Class Summary Of Sommers Carroll And Daiker

In pairs, write a three or four sentence summary for your assigned article. Be ready to share with the class. I will compile these into a short study guide for the class

(See below for summaries created by my spring 2013 students).

Donald Daiker – “Learning to Praise”
Teachers do not praise enough but need to because when professors/teachers give positive feedback to students, students tend to do better on their writing. More important, too much negative feedback can lead to writing apprehension. Highly apprehensive writers tend to avoid writing because they expect negative feedback; because they avoid writing, they become worse writers and then receive more negative feedback when they do write. A few positive feedback can go a long way to lower students apprehension. When giving feedback to students, give some things that you like about the paper but also note a weakness in the paper. Also teachers should understand each student is different so they shouldn’t hold the same standard to each one; you can praise in one student what you might discourage in another. Daiker calls this relative standards. put more effort into writing. It is important to use relative standards to judge each writer.

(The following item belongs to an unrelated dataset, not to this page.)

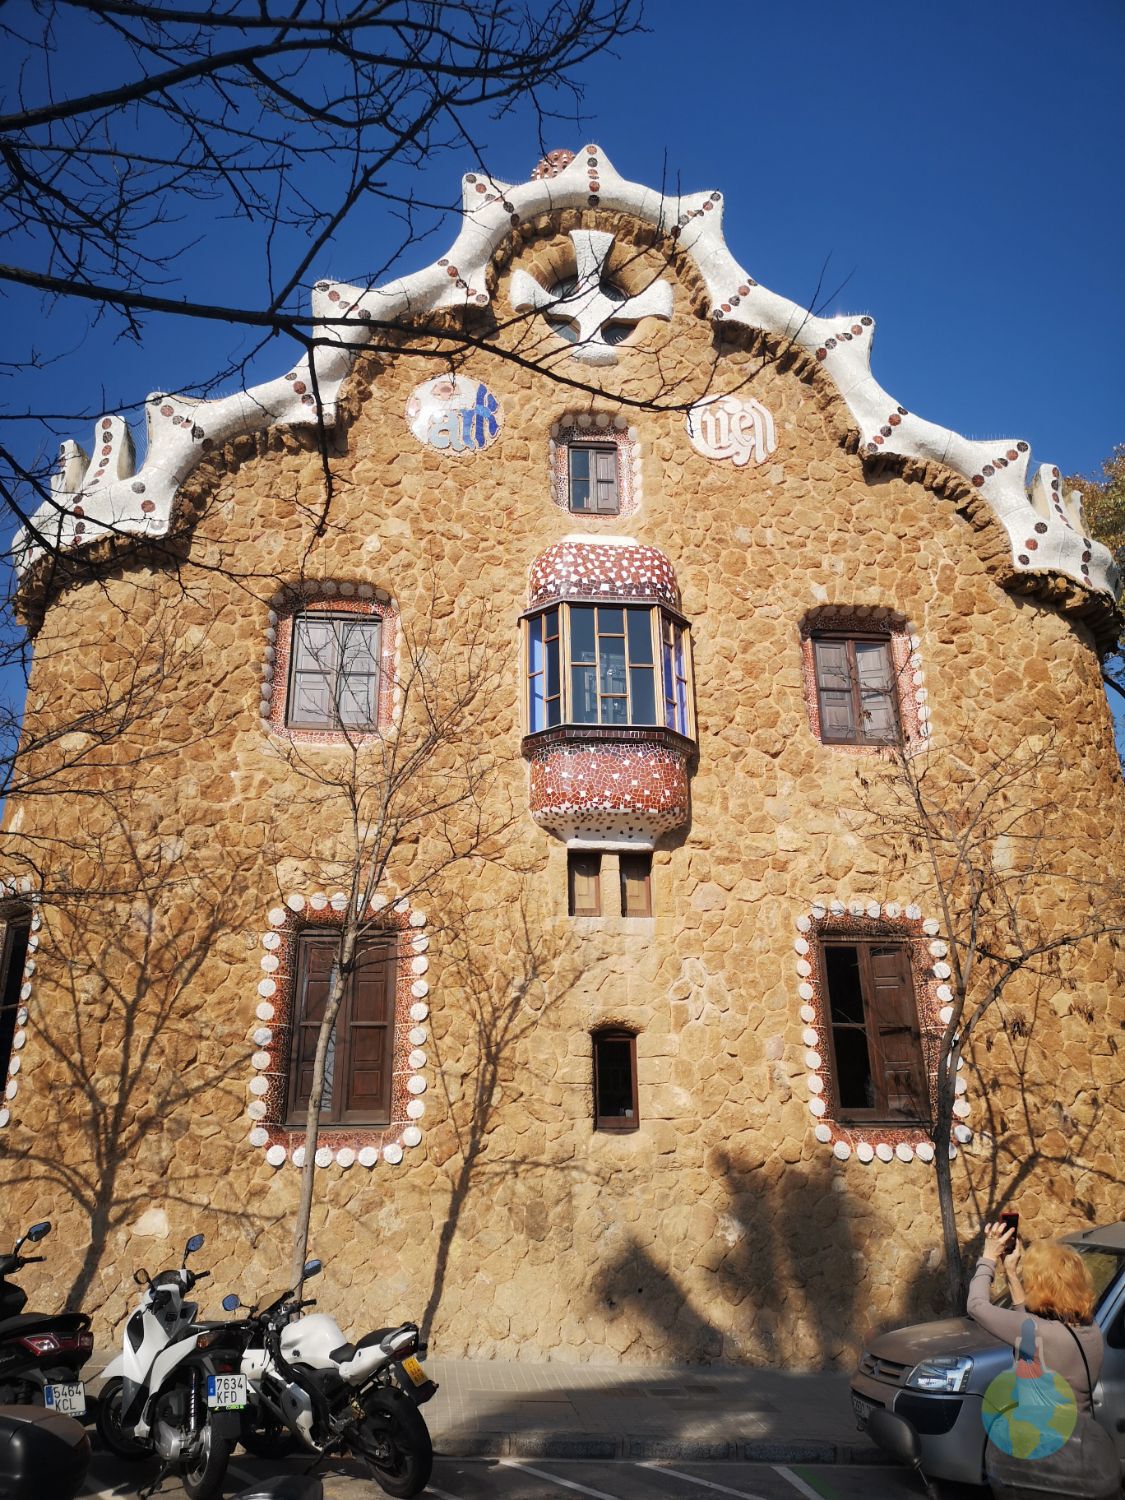 Barcelona Parc Guell Gaudi masterpiece plimbare relaxare arhitectura inovatie

Nancy Sommers – “Responding to Student writing”
Professors do not always provide feedback that encourages students to write another draft. Sommers believes much teacher feedback leads to the student losing investment in their paper. The purpose of the paper is appropriated by the teacher, and instead of facing “the anxiety we all feel at reducing what looks like a finished draft into fragments of chaos” (156), students “correct” in response to the teacher comments, not making any other changes or thinking about their purpose in writing,. In order to truly critique a piece in a specific way you should use comments that actually question the substance of the writing and not just correction of grammar. And certainly instructors should correct grammar on the same draft they are addressing content changes; this confuses students because the message is contradictory and students do not know which error is most important (why edit a sentence that might fall out when the ideas are developed?). In addition, comments should be written in a clear and specific manner. Sommers claims that professors give generic, rubber-stamped responses rather than a personalized analysis of the message that the writer is trying to convey. Comments should be tailored to the specifics of the paper, should provide instruction, and should be tied to classroom lessons.

Lee Anne Carroll – Rehearsing new Roles
Students grow as writers through repeated practice and through experiencing new, challenging writing situations. Writers may be strong in certain subjects but when they are challenged with unfamiliar ways of writing, they may seem weak initially. In general, student writers improve throughout their studies, especially in their discipline (writers who begin as weaker writers show more improvement in their disciplinary writing than in other writing situations). This growth is not always evident to individual teachers in a single class. (our take away - Professors also have to be diverse in providing feedback because some students benefit from copious comments while others can might be overwhelm because they don’t take nothing out of it).
In freshmen composition, students learn generic writing skills; they doesn’t directly apply to a specific discipline.